Périscopages 2006 - Jochen Gerner etc.
entretien Sébastien Lumineau / L.L. de Mars
entretien Lumineau/de Mars
Exposition Jochen Gerner à l'Orangerie du Thabor
S. Lumineau:  (rires) Non mais c’est vrai, il est pas... Il est pas mauvais, il est pas bon... Enfin, voilà. Voilà c’est pas... Quelque chose qui va m’intéresser vraiment. Après, je préfère largement le « Livret de phamille » de Menu. Par exemple. Ça, ouais. Ou, euh, Chester Brown, «I never liked you», très bien. Enfin... Parce que c’est... C’est, c’est agencé sous une autre forme, en fait. «I never liked you»,  il y a une, une rythmique au niveau des pages, au niveau des silences, etc. que je trouve vraiment très très bien. Je, je sais pas trop, je sais pas trop quoi dire là-dessus. C’est... Est-ce que c’est utile... Comment dire ? Les oeuvres marquantes, c’est — que ce soit autobiographique ou non — c’est des oeuvres marquantes, quoi. Moi j’arrive pas trop à poser la question de... Pour moi le contrat avec le lecteur de toutes façons il existe en permanence...

L.L. de Mars:  On est quand même à peu près d’accord sur

S. Lumineau: ... Et que faussé ou pas faussé, prrt.

L.L. de Mars:  C’est pas qu’il soit faussé qui m’ennuie à mourir, ce qui m’ennuie à mourir c’est qu’il soit préétabli. Qu’ils balise. Et que ce soit dans l’air du temps. Un jeu de conventions. Avec un effet retard. S’il n’y a pas d’inconnu, pour moi, s’il n’y a pas une part de risque d’aller dans une direction inconnue, proposer des situations auxquelles on ne soit pas préparé, ça m’ennuie d’emblée. J’en ai vraiment en rien à secouer. L’autobiographie n’est pas rien.
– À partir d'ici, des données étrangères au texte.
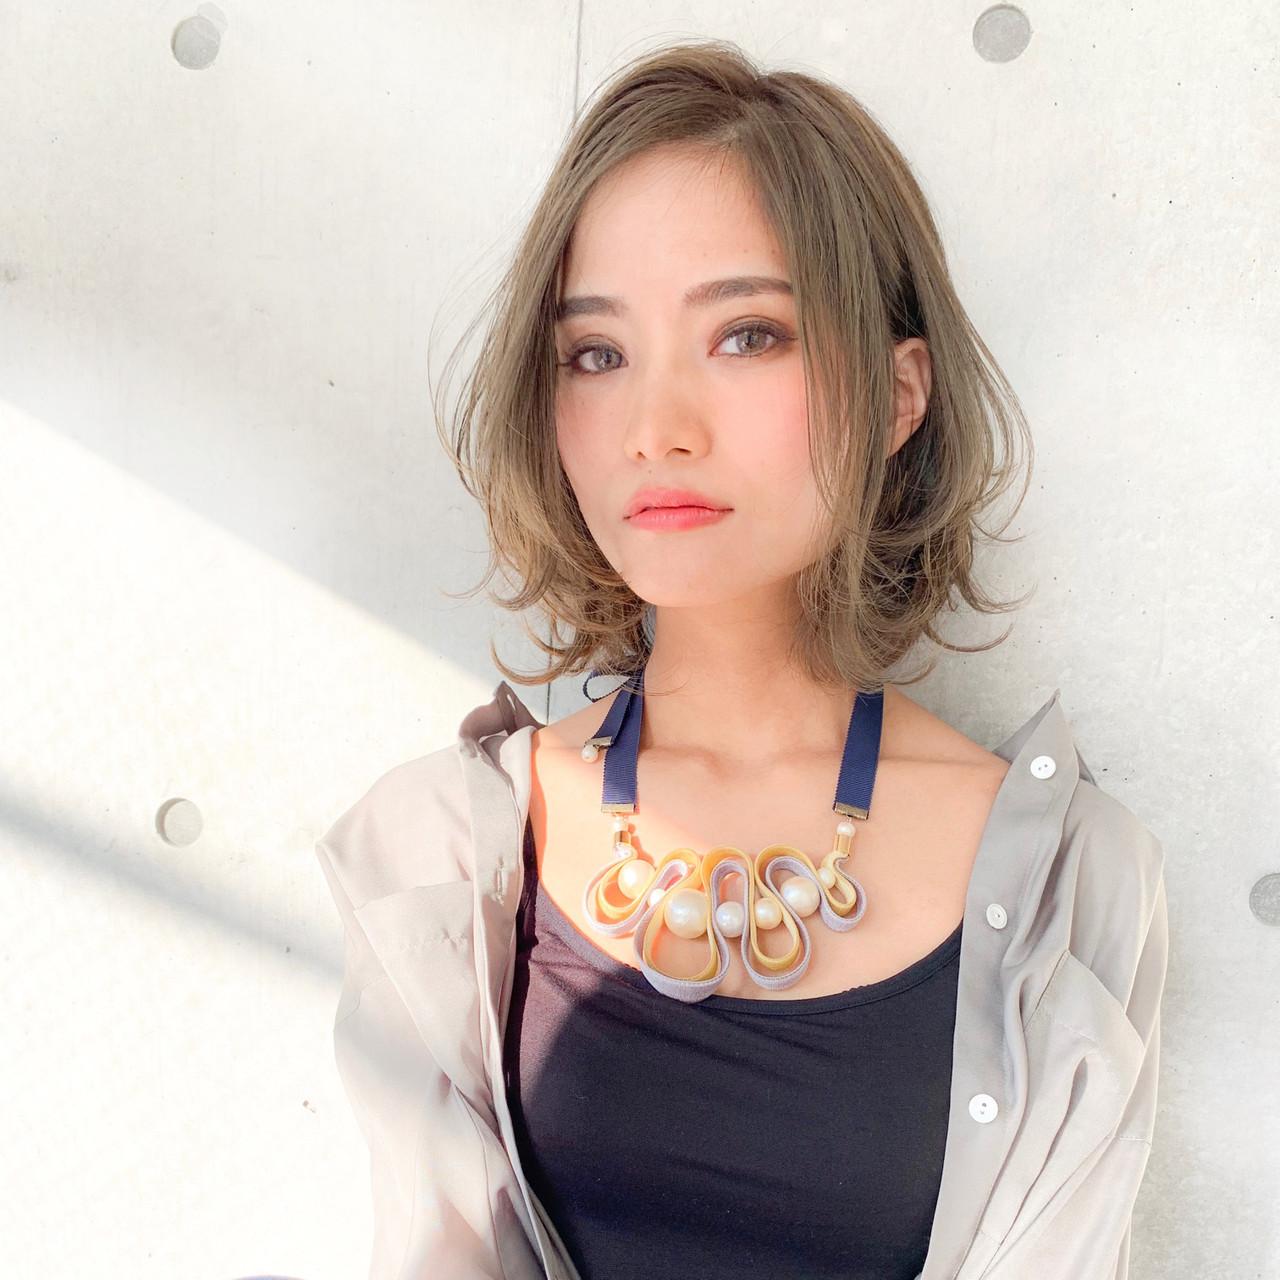 ミディアム ヘアアレンジ フェミニン アンニュイほつれヘア ヘアスタイルや髪型の写真・画像
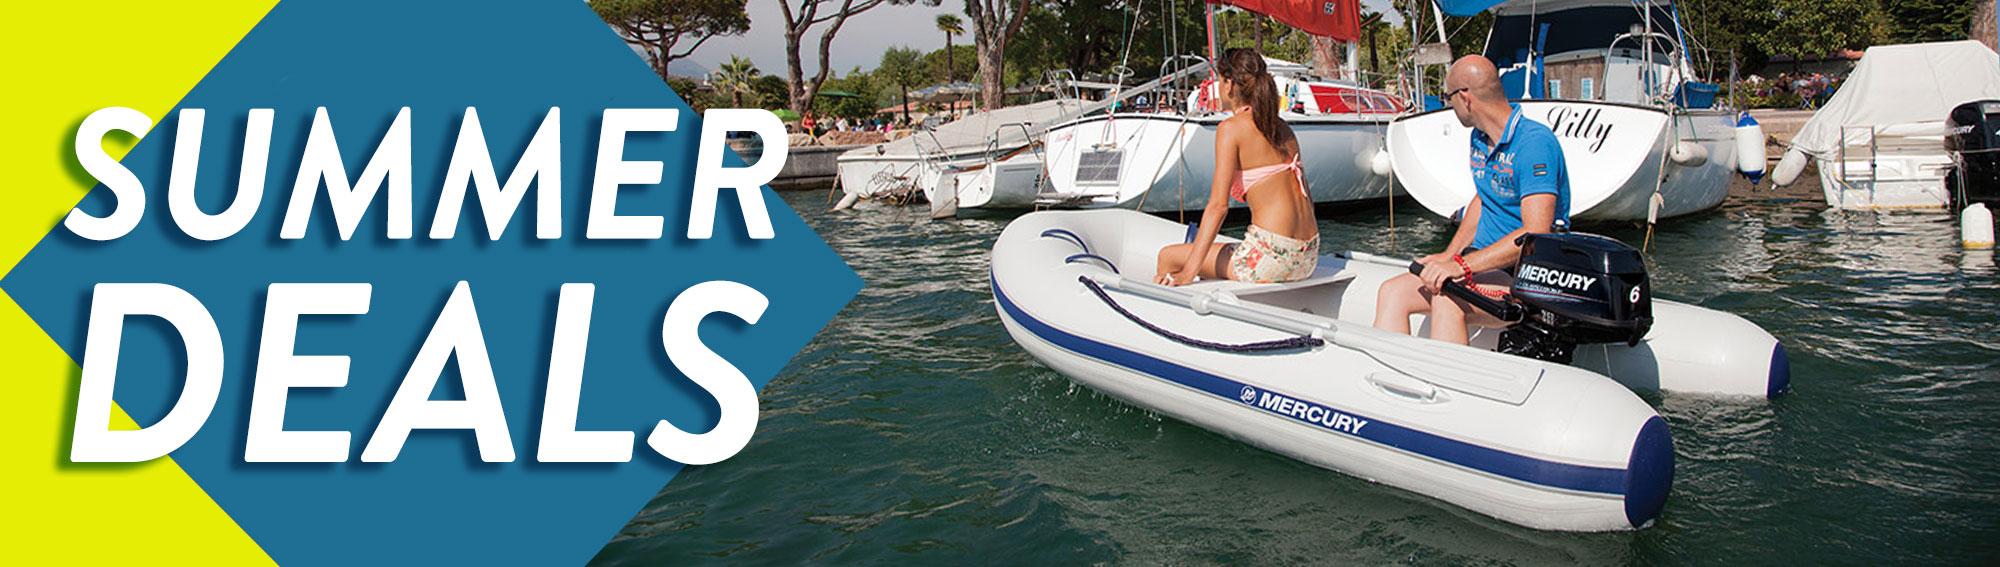 summer-deals-banner.jpg

C’est déjà une notion, chargée, chargée d’histoire, chargée de nombreux livres, etc. et qui s’alourdit de conventions livre après livre. Un ensemble de signes émis qui nous disent quelque chose que l’on sait déjà. Emprunter ce chemin, c’est emprunter cette collection de signes. Jouer, si tu veux, de ce système de représentations et de ce qu’il implique. C’est ça, moi qui me crispe. Ce qui me crispe d’autant plus que, c’est qu’au fond, les dessinateurs de bandes dessinées ne se sont jamais intéressés aux autres formes de l’invention littéraire. Il y a que toutes les... toutes les grandes transformations de l’écriture en Europe et aux États-Unis — à part peut-être Barbier qui s’est vraiment plongé dans Burroughs et dans cette écriture très urbaine des Américains, le cut-up — toutes ces grandes transformations semblent avoir complètement inintéressé les dessinateurs de bandes dessinées, et là... On touche peut-être à la chose la plus superstitieuse du monde, c’est-à-dire l’autobiographie comme collection de signes, et paf!, là d’un seul coup ça les intéresse terriblement. C’est ce qu’il y a de plus... Complaisant finalement... Et euh... Parce que ça joue beaucoup sur les rapports affectifs, et l’enfantillage du secret, et que d’un seul coup on toucherait à une certaine proximité, à une certaine lumière gagnée d’avance de la proximité, et voilà, là, on a notre cohorte de dessinateurs qui dandinent amoureusement derrière la littérature... Tout le reste, toutes les grandes aventures de la littérature, les auteurs de bandes dessinées les ont... Prrt... Royalement ignorées, ils s’en foutent éperdument. Ça aussi c’est quelque chose qui... Pour moi, fait preuve soit d’un manque de curiosité, soit d’un authentique opportunisme généralisé.